What needs to be done => From the material below, please set down exactly the lines starting with the one with "PS4 works perfectly" and going on through the one with "Bikes And More", without a single picture.

Data shown =>
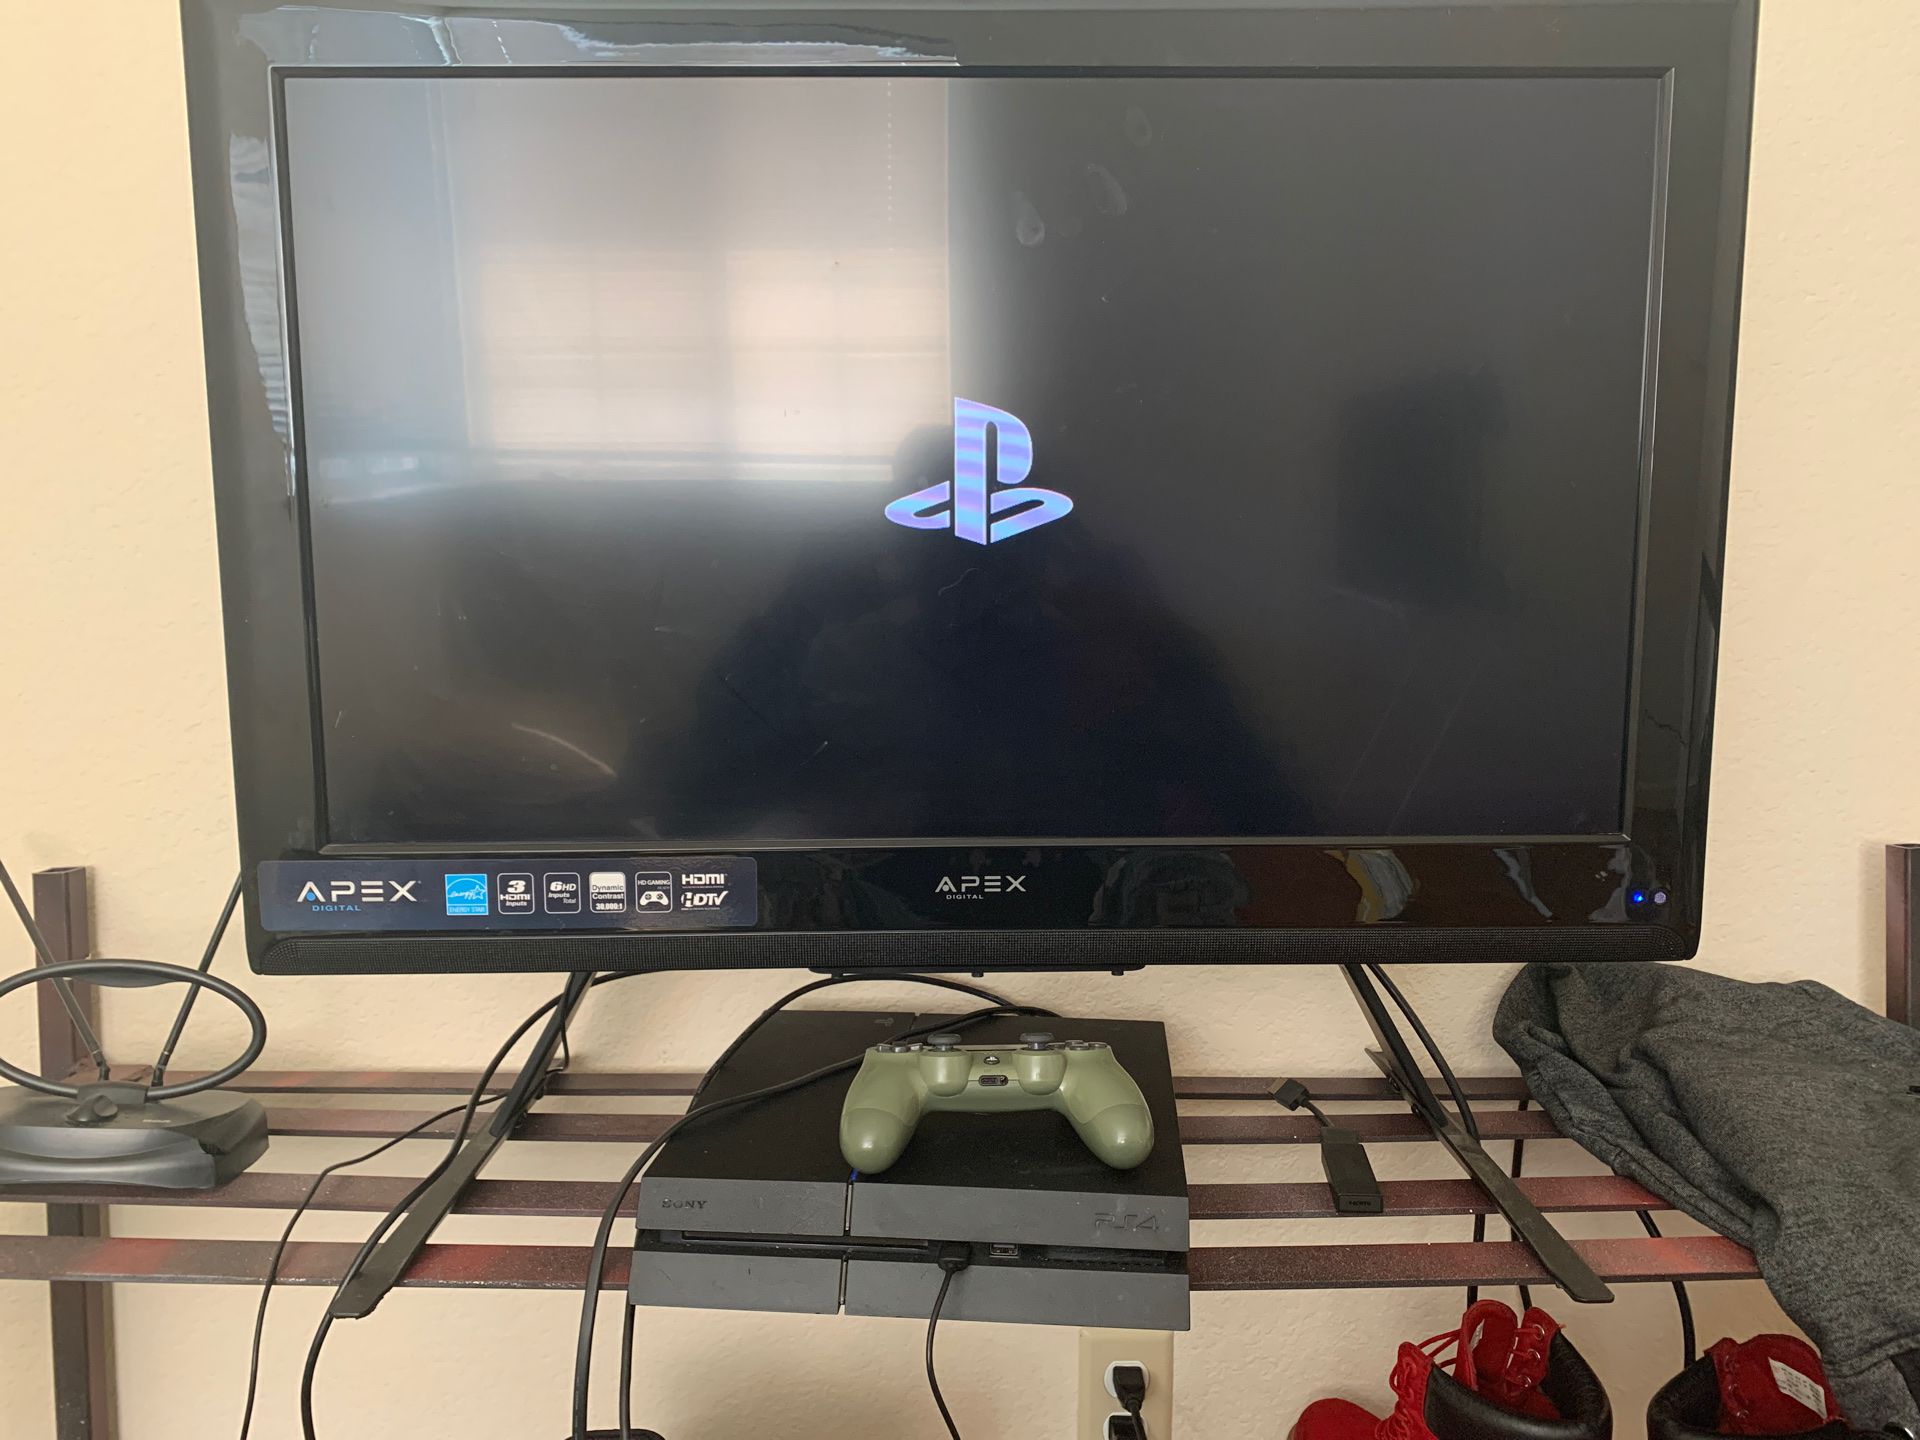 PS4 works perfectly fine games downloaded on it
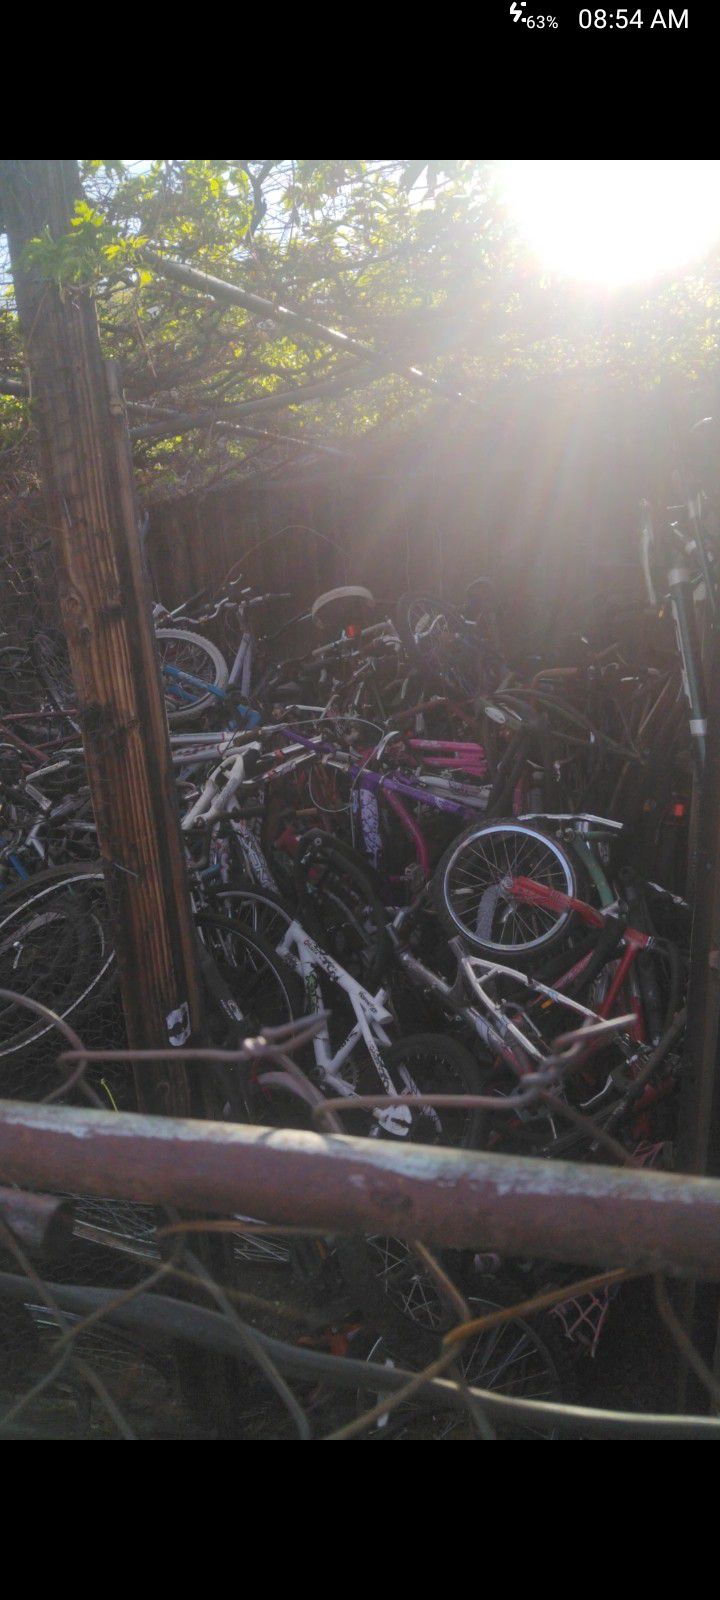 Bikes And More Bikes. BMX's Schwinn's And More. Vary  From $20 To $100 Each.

...

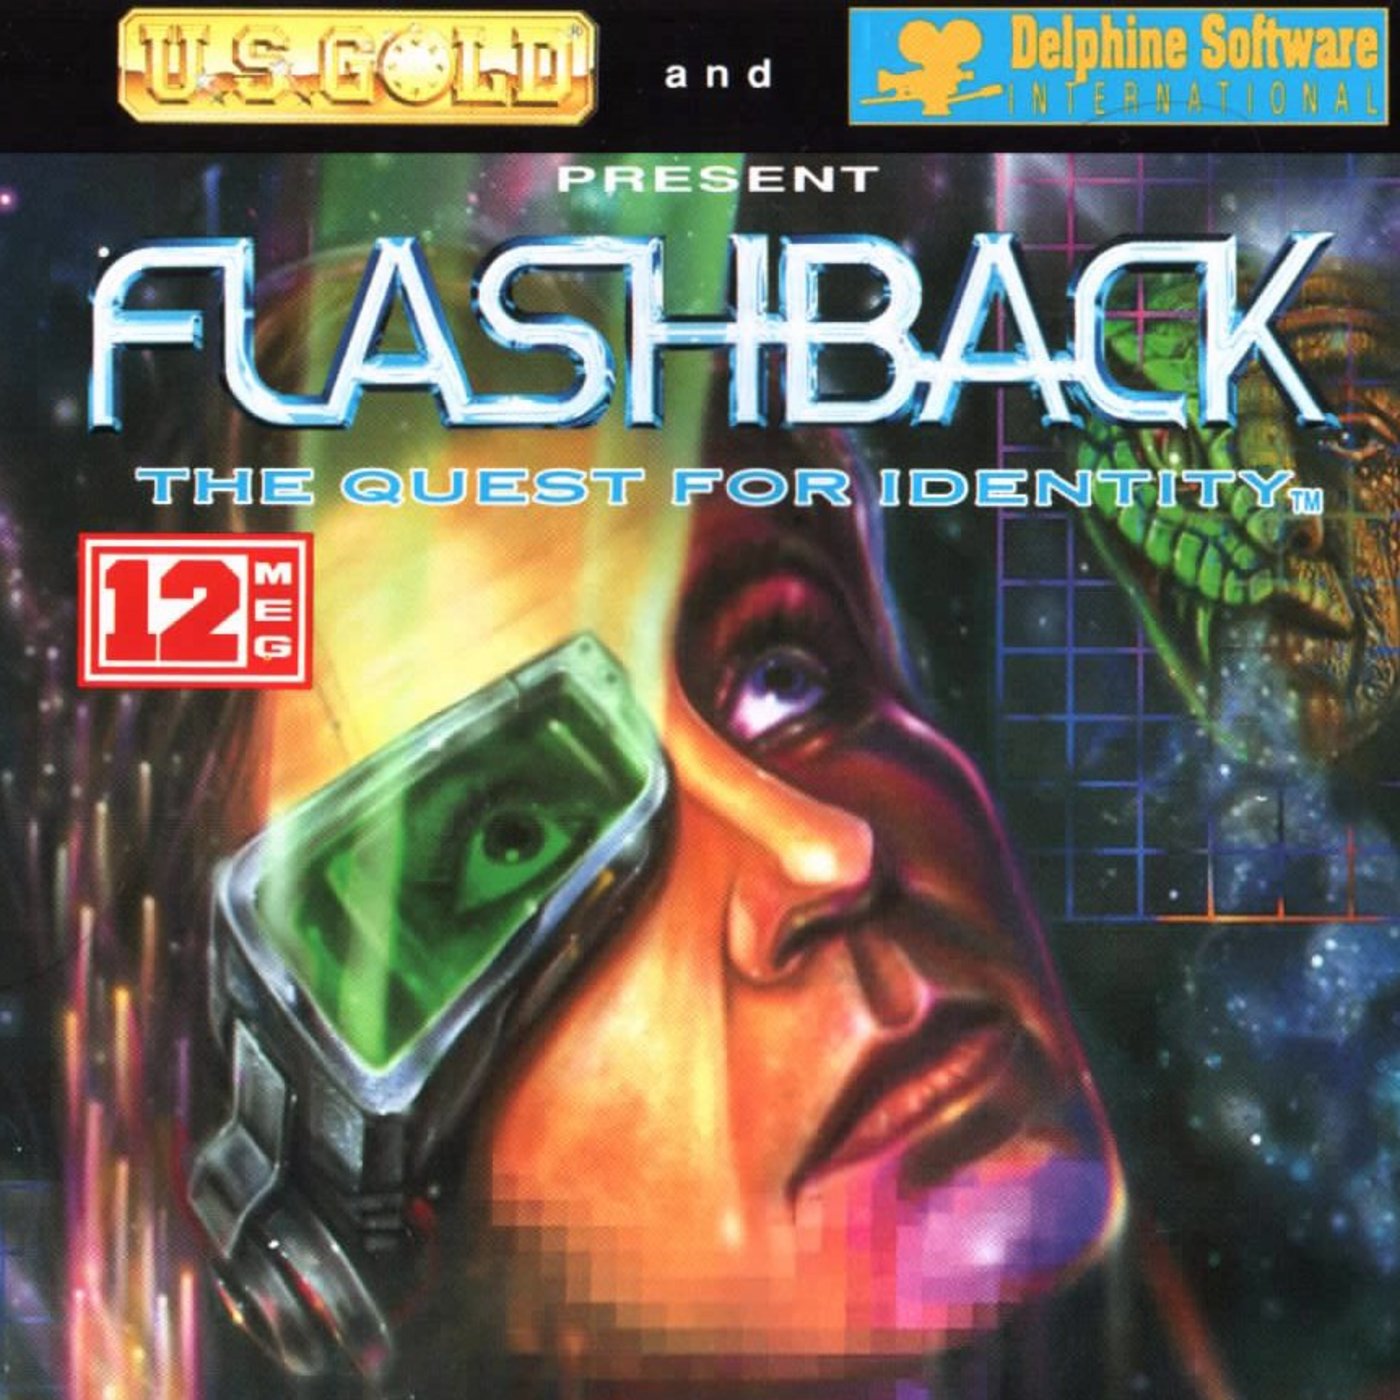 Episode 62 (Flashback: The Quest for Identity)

...

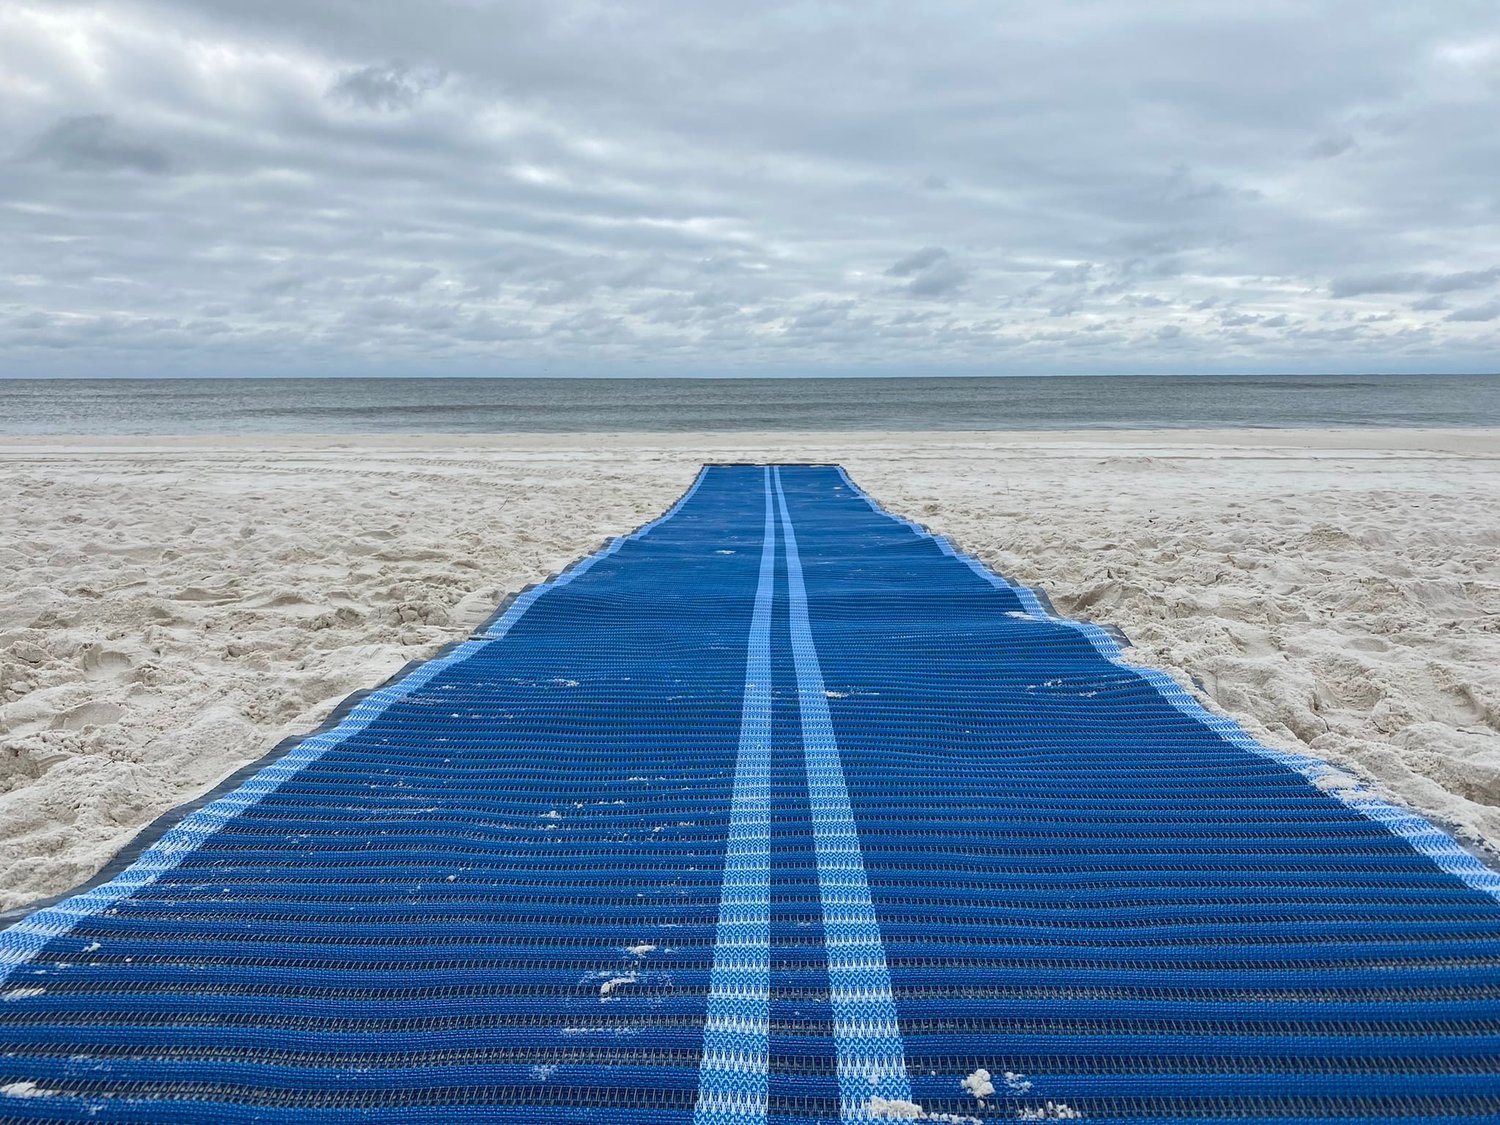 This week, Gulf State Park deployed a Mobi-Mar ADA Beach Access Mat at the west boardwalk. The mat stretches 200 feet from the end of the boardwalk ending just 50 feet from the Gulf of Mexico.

Written answer =>
 PS4 works perfectly fine games downloaded on it
 Bikes And More Bikes. BMX's Schwinn's And More. Vary  From $20 To $100 Each.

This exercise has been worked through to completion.